- Task data:
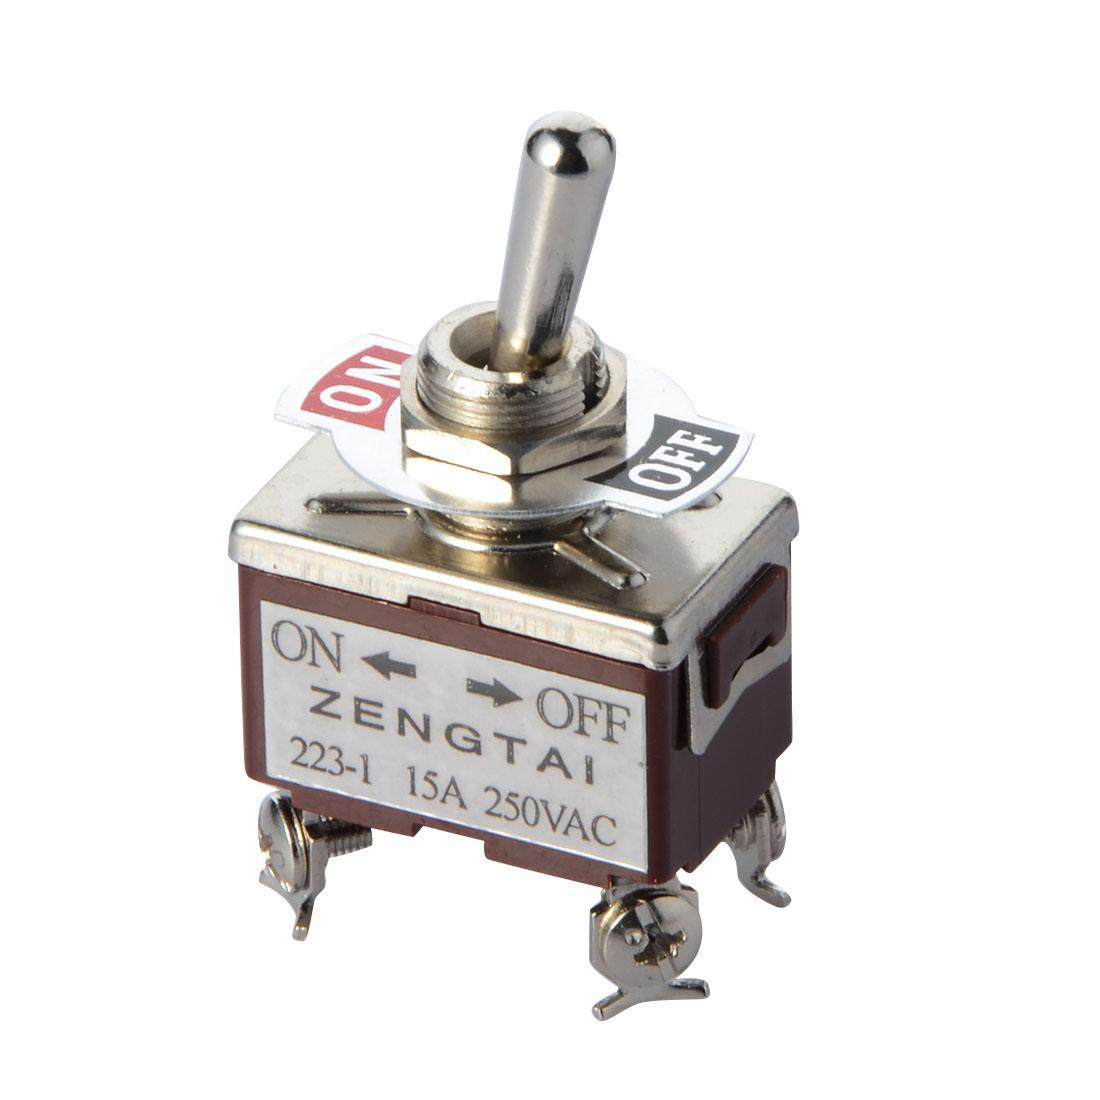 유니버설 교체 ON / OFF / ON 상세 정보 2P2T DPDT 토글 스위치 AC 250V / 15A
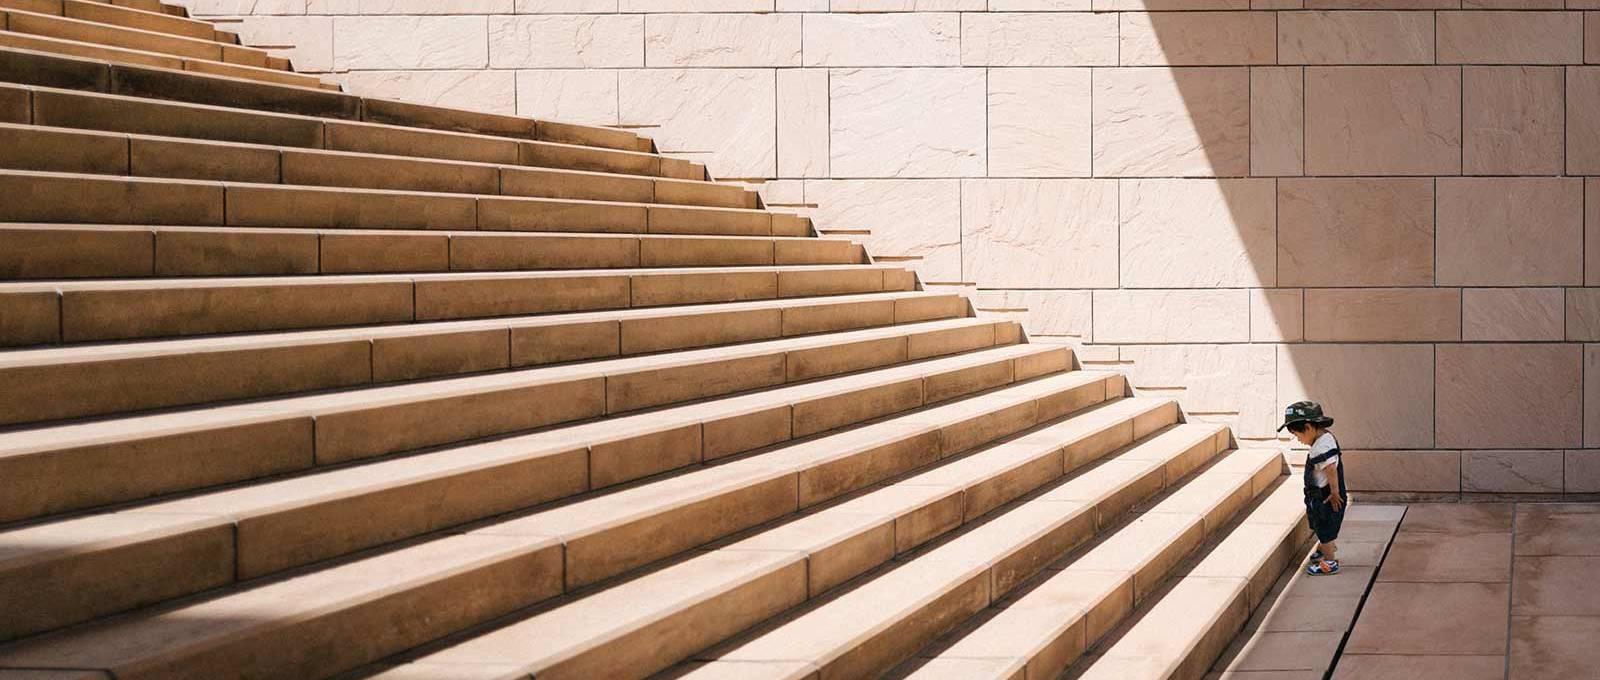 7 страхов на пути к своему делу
--
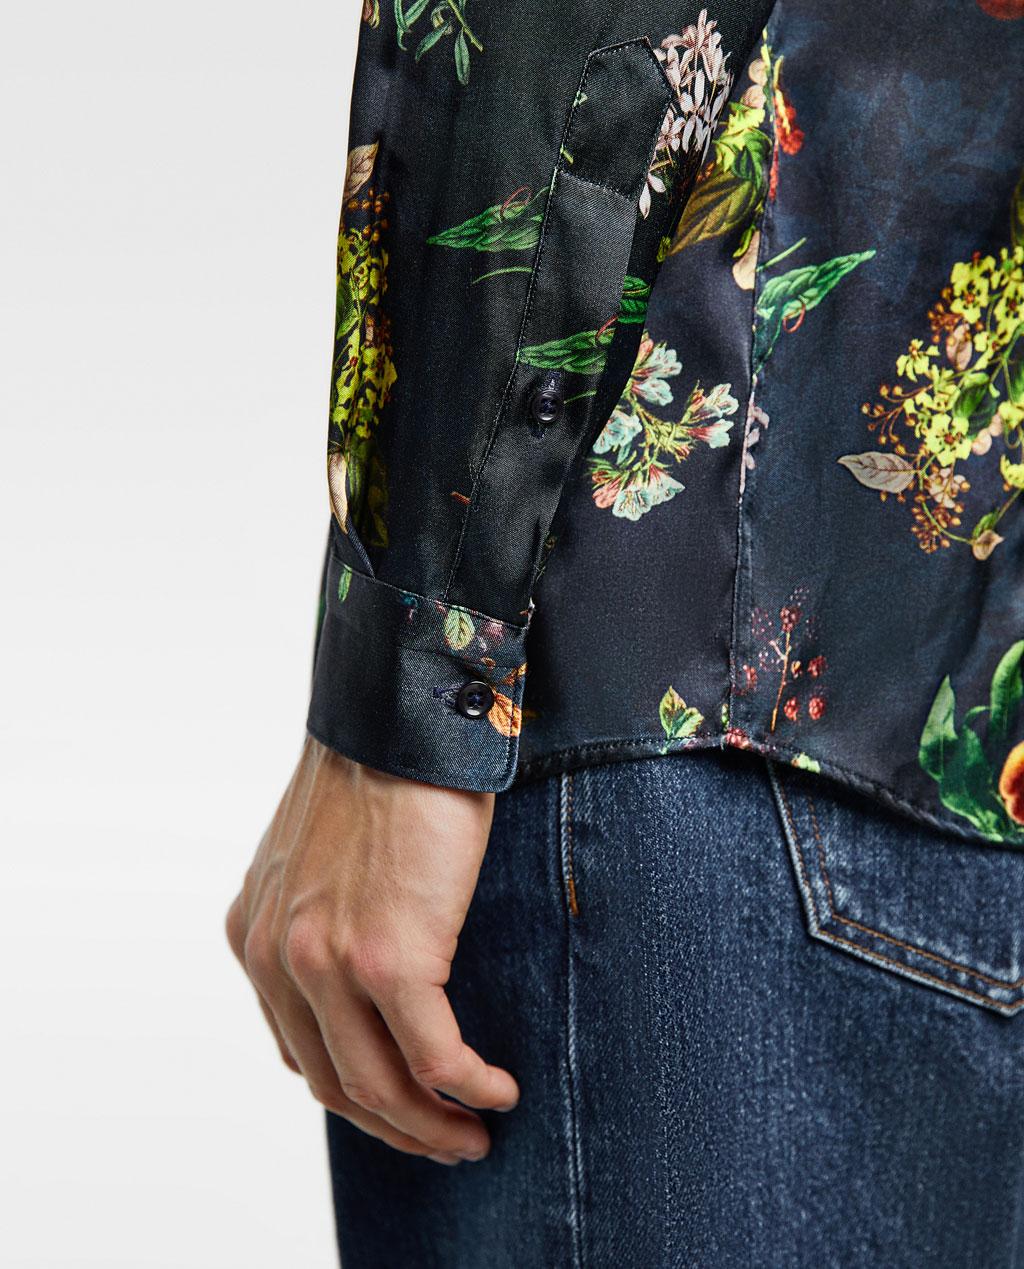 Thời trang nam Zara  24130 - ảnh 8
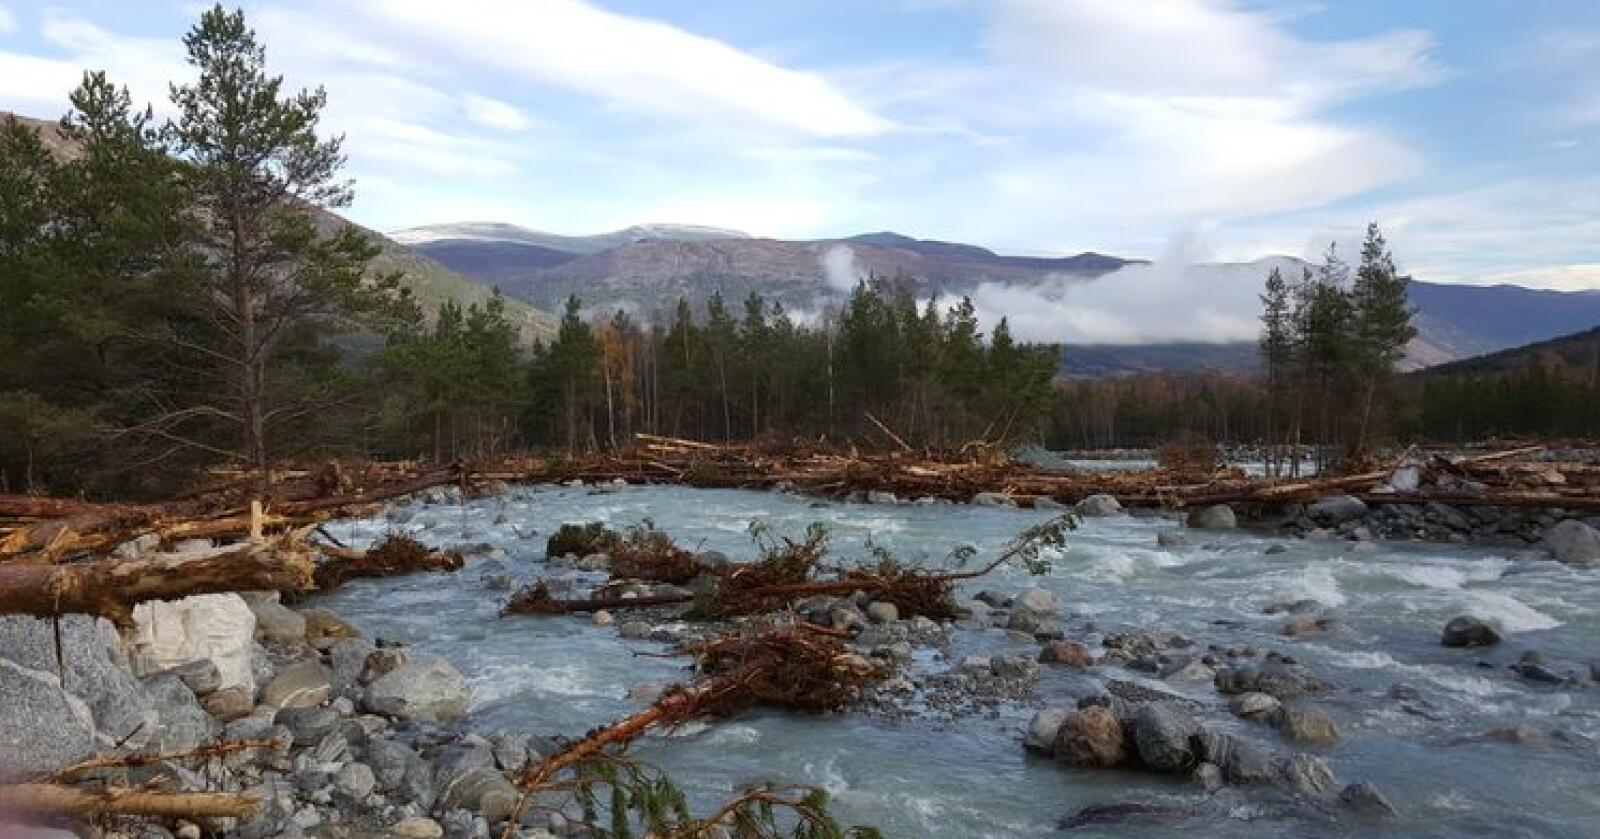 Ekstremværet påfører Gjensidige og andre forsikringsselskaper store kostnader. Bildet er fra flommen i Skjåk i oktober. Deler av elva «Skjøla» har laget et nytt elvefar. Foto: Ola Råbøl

- Task directions: Only the lines above starting with the line with "유니버설 교체 ON /" and going on through the line with "7 страхов на пути к своему делу" belong in the answer; repeat them exactly, minus any picture.

- Exercise answer:
 유니버설 교체 ON / OFF / ON 상세 정보 2P2T DPDT 토글 스위치 AC 250V / 15A
 7 страхов на пути к своему делу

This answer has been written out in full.